King Narai's reign saw a major expansion of diplomatic missions to and from Western powers, most notably France, England, and the Vatican. Missions were also sent and received from Persia, India and China, as well as other neighbouring states. Another notable feature of Narai's reign was the unprecedented influence of foreigners at the Siamese court, embodied in the meteoric rise of Constantine Phaulkon, a Greek adventurer who would eventually hold the modern equivalent of the post of Prime Minister.

King Narai especially sought to expand relations with the French, as a counterweight to Portuguese and Dutch influence in his kingdom, and at the suggestion of his Greek councilor Phaulkon. Numerous embassies were exchanged in both directions.

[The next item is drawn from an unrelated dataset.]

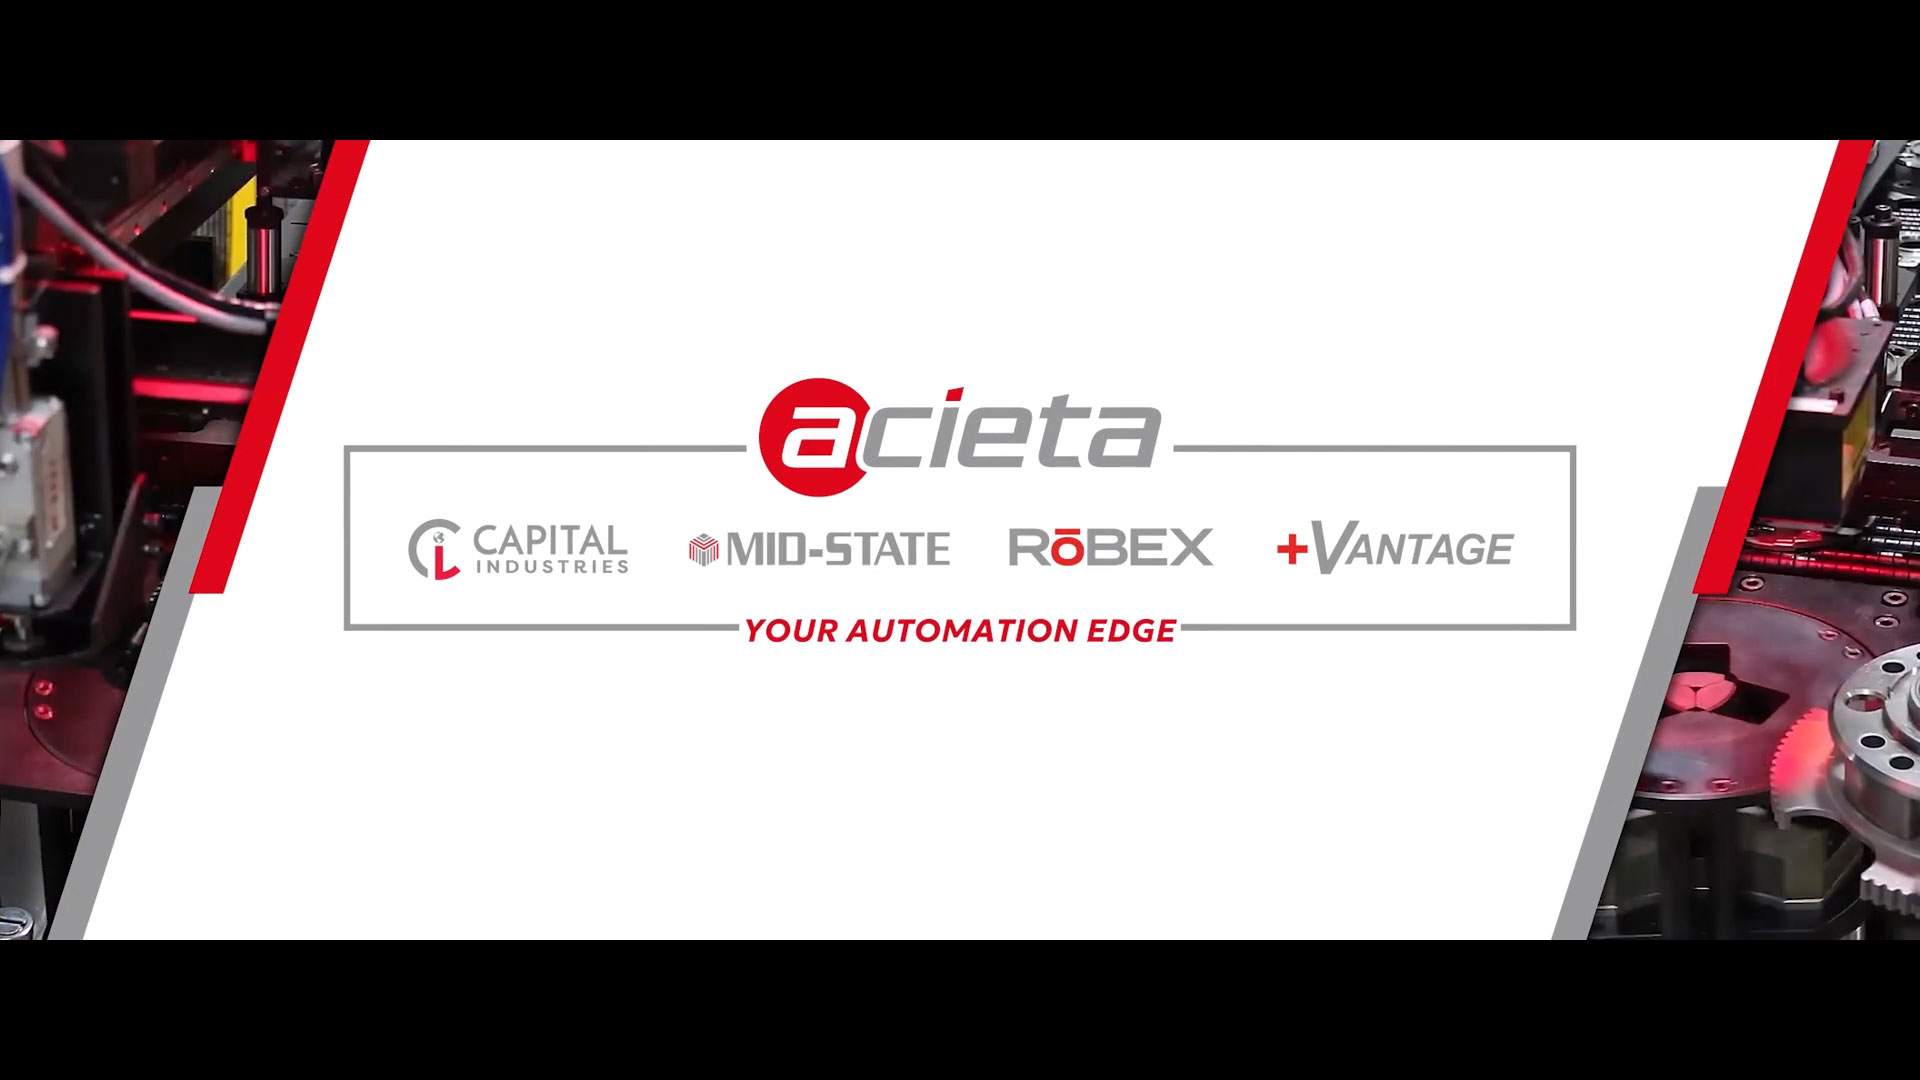 Acieta, Capital Industries, Mid-State Engineering, RoBEX and +Vantage have united to transform your operations. INNOVATE to get ahead, INTEGRATE for seamless efficiency, and DOMINATE your market. With us, you're not just prepared for the future; you are forging it. Visit acieta.com/edge for more information.

==Nationalistic upheaval==

France sought to convert King Narai to Roman Catholicism, and also to establish troops in the area. With Narai's permission, fortresses with French troops and under French control were established at Mergui and Bangkok, in order to reaffirm the commercial treaty of 1685, provide a counterweight to Dutch influence in the region, and help to combat piracy. This disembarkment of French troops led to strong nationalist movements in Siam. By 1688, anti-foreign sentiments, mainly directed at the French and Phaulkon, were reaching their zenith. The Siamese courtiers resented the dominance of the Greek Phaulkon in state affairs, along with his Portuguese-Japanese wife and European lifestyle, while the Buddhist clergy were uneasy with the increasing prominence of the French Jesuits. The courtiers eventually formed themselves into an anti-foreign faction. Other foreigners who had established themselves in Ayutthaya before the French, in particular the Protestant Dutch and English as well as the Muslim Persians, also resented the growing political and economic influence of the Catholic French. Other established Catholic factions, such as the Portuguese, also had reason to resent the French presence, seeing it as a violation of the Treaty of Tordesillas. The increasing French influence not only increased competition but was also an unwelcome reminder of the declining fortunes of Portugal.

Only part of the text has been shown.